There was another Reformer in Zurich called Ulrich Zwingli. We battled back and forth about the Lord’s Supper. Zwingli said the Lord’s Supper was a memorial meal in which a Christian renewed their commitment to Christ.

I said the Lord’s Supper is not primarily what we do but what God does. Through the supper God gives Christ and all his saving benefit. So Christ is truly present in the supper.

This is possible because Jesus’ human nature has been glorified and he now has the divine attribute of omnipresence, so even though he is at the right hand of the Father, he is everywhere, including the communion table.

We had a big debate about this at Marburg in 1529. Zwingli did acknowledge that Christ was spiritually present in the supper. But we could not agree on the question of the real, physical presence of Jesus.

People have always had strong opinions about me. One person said I was “a demon in the appearance of a man.” Another said “Luther alone is right.” But both of them are wrong. The truth is probably in the middle.

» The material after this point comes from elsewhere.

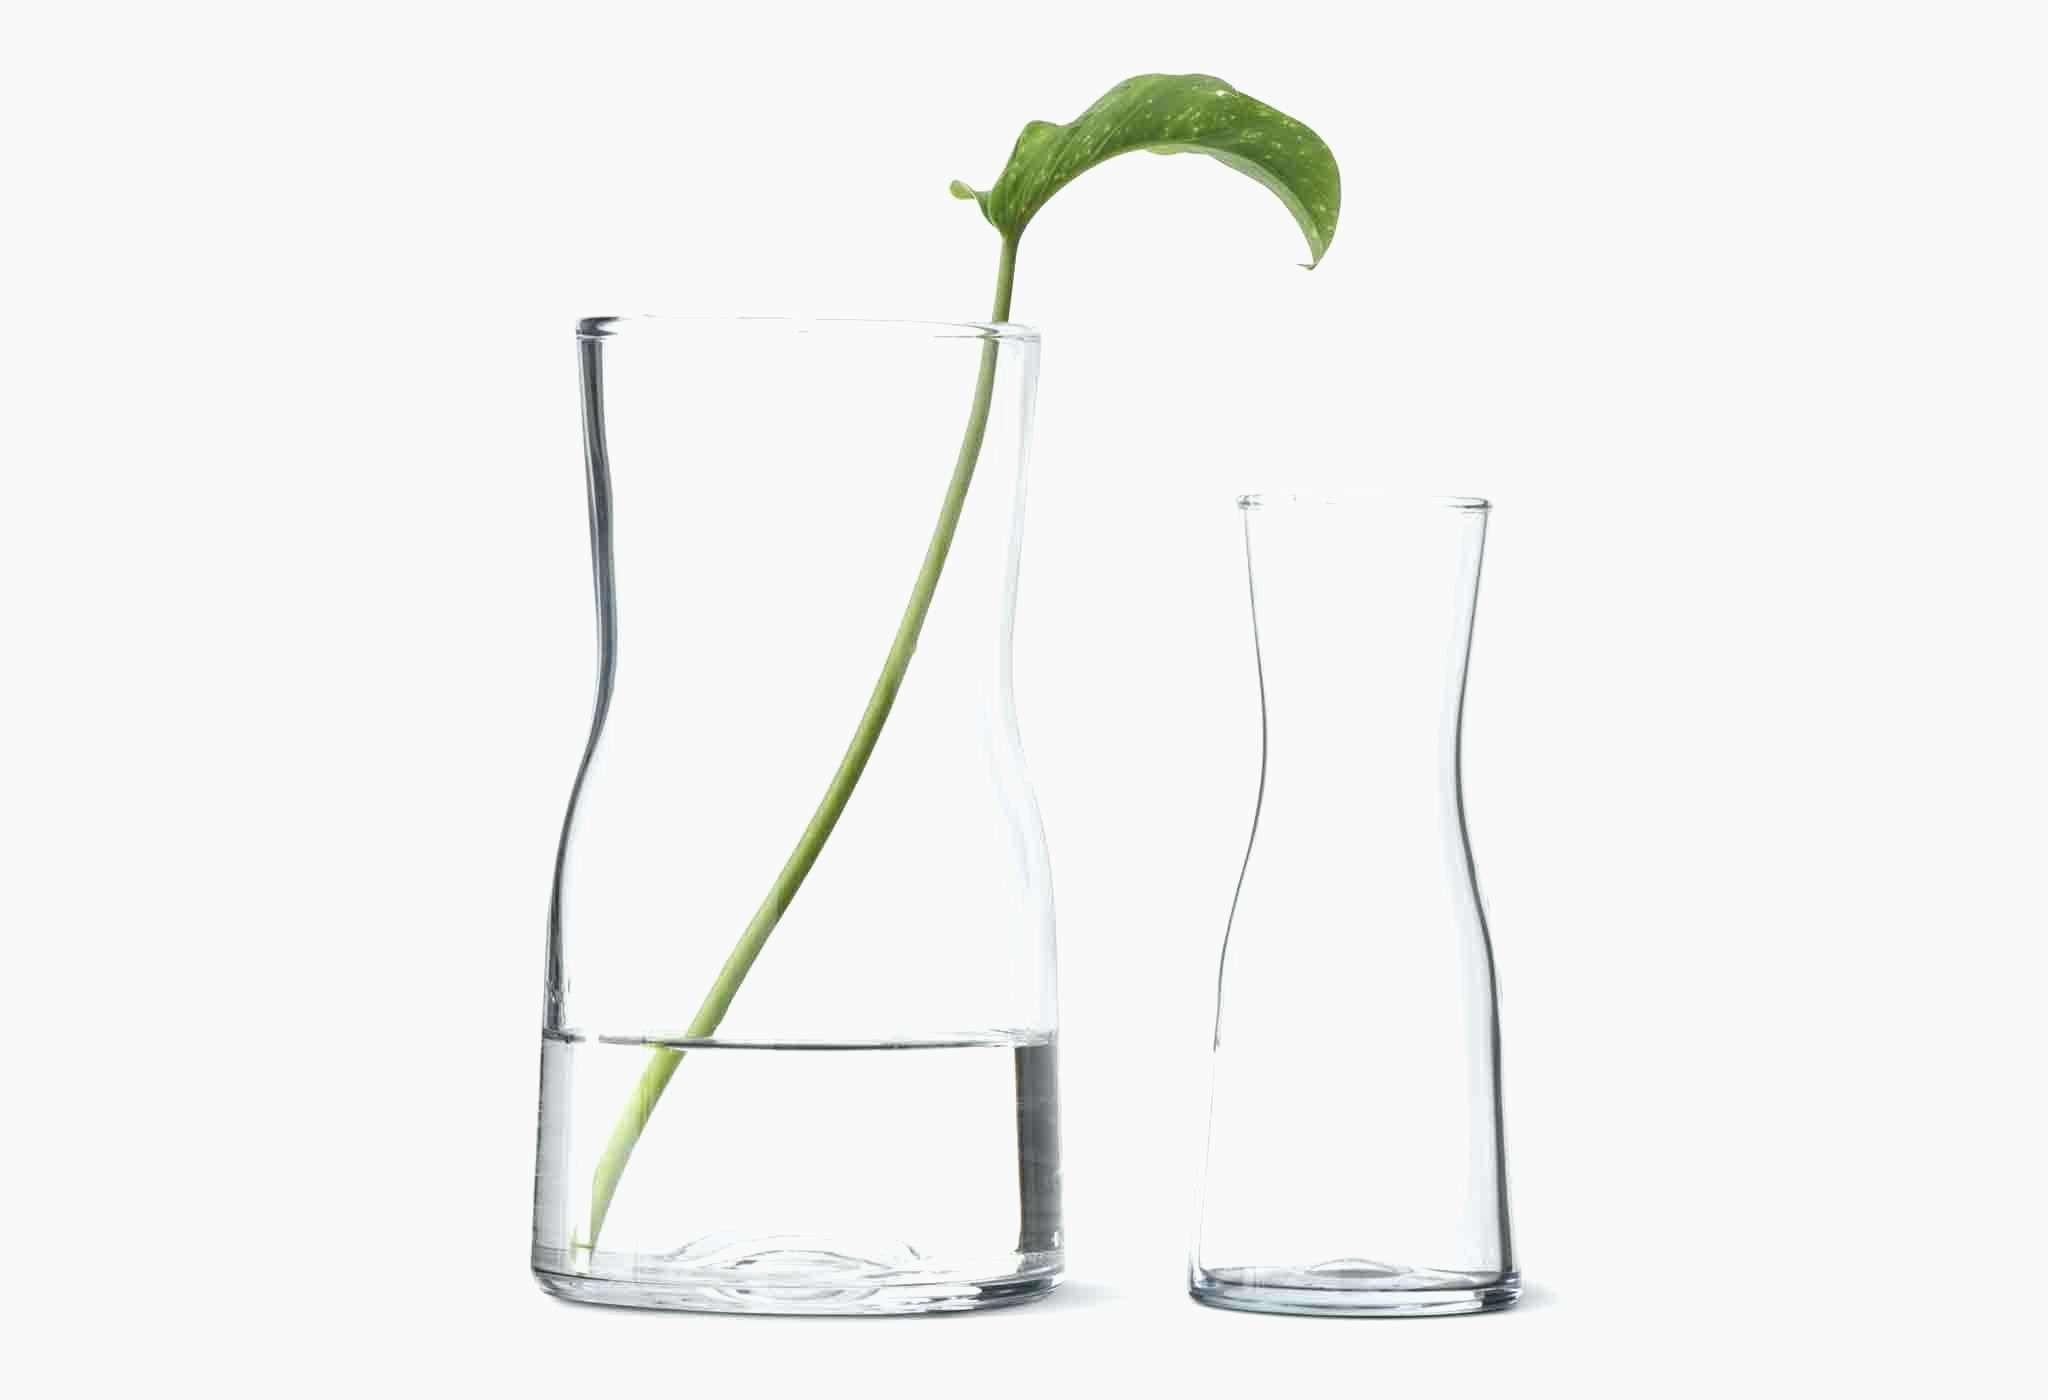 27 Popular Ikea Vases Set Of 3 2021 free download ikea vases set of 3 of inspirierend ikea hydroponics ikea regarding vase stand wood elegant new design ikea mantel great pe s5h vases ikea vase i 0d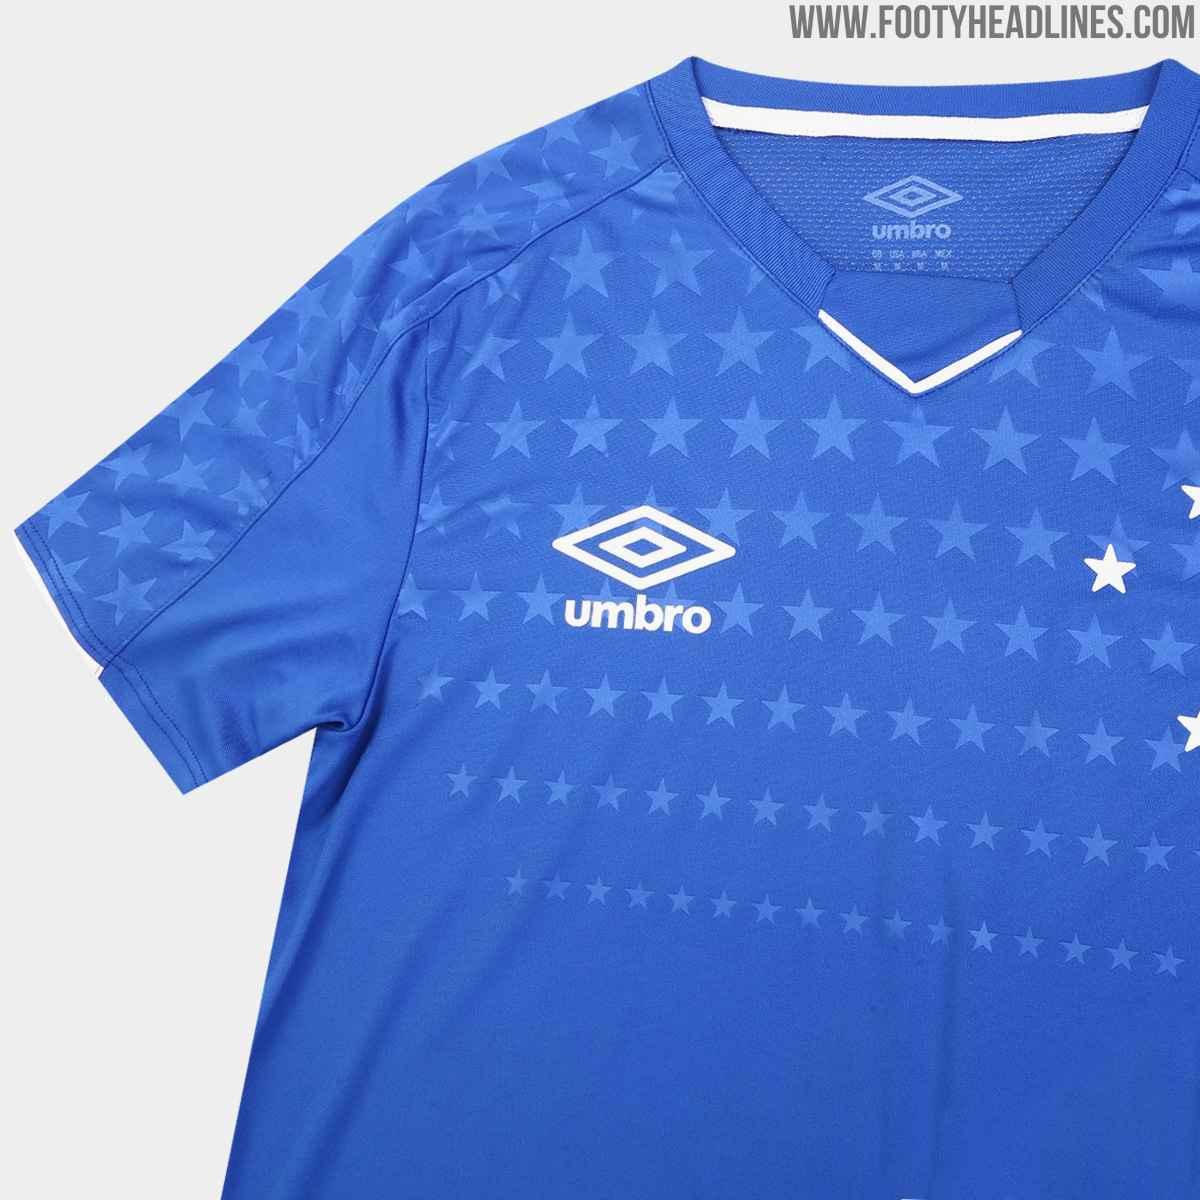 Umbro Cruzeiro 2019 Home U0026 Away Kits Released Footy

For the last 15 years of my life I was dreadfully afflicted with all sorts of illnesses. Despite this I wrote commentaries on Galatians and Genesis. I finished my translation of the Old Testament so that my complete German Bible was published in 1534.

I preached regularly and I taught at the university. I died at my home town Eisleben at the age of 62. People are celebrating my life this month. But I only want to be remembered as a man who trusted Christ alone for my salvation.

I understand it has been said that in most libraries books about me occupy more shelves than those concerned with any other figure, except Jesus. I don’t know whether that is true. But if you have a choice to read about me or read about Jesus, please read about him.

Thank you for listening to my story. I am sorry I have been long-winded but I understand you are used to that. May you know salvation by grace alone, through faith alone in Christ alone.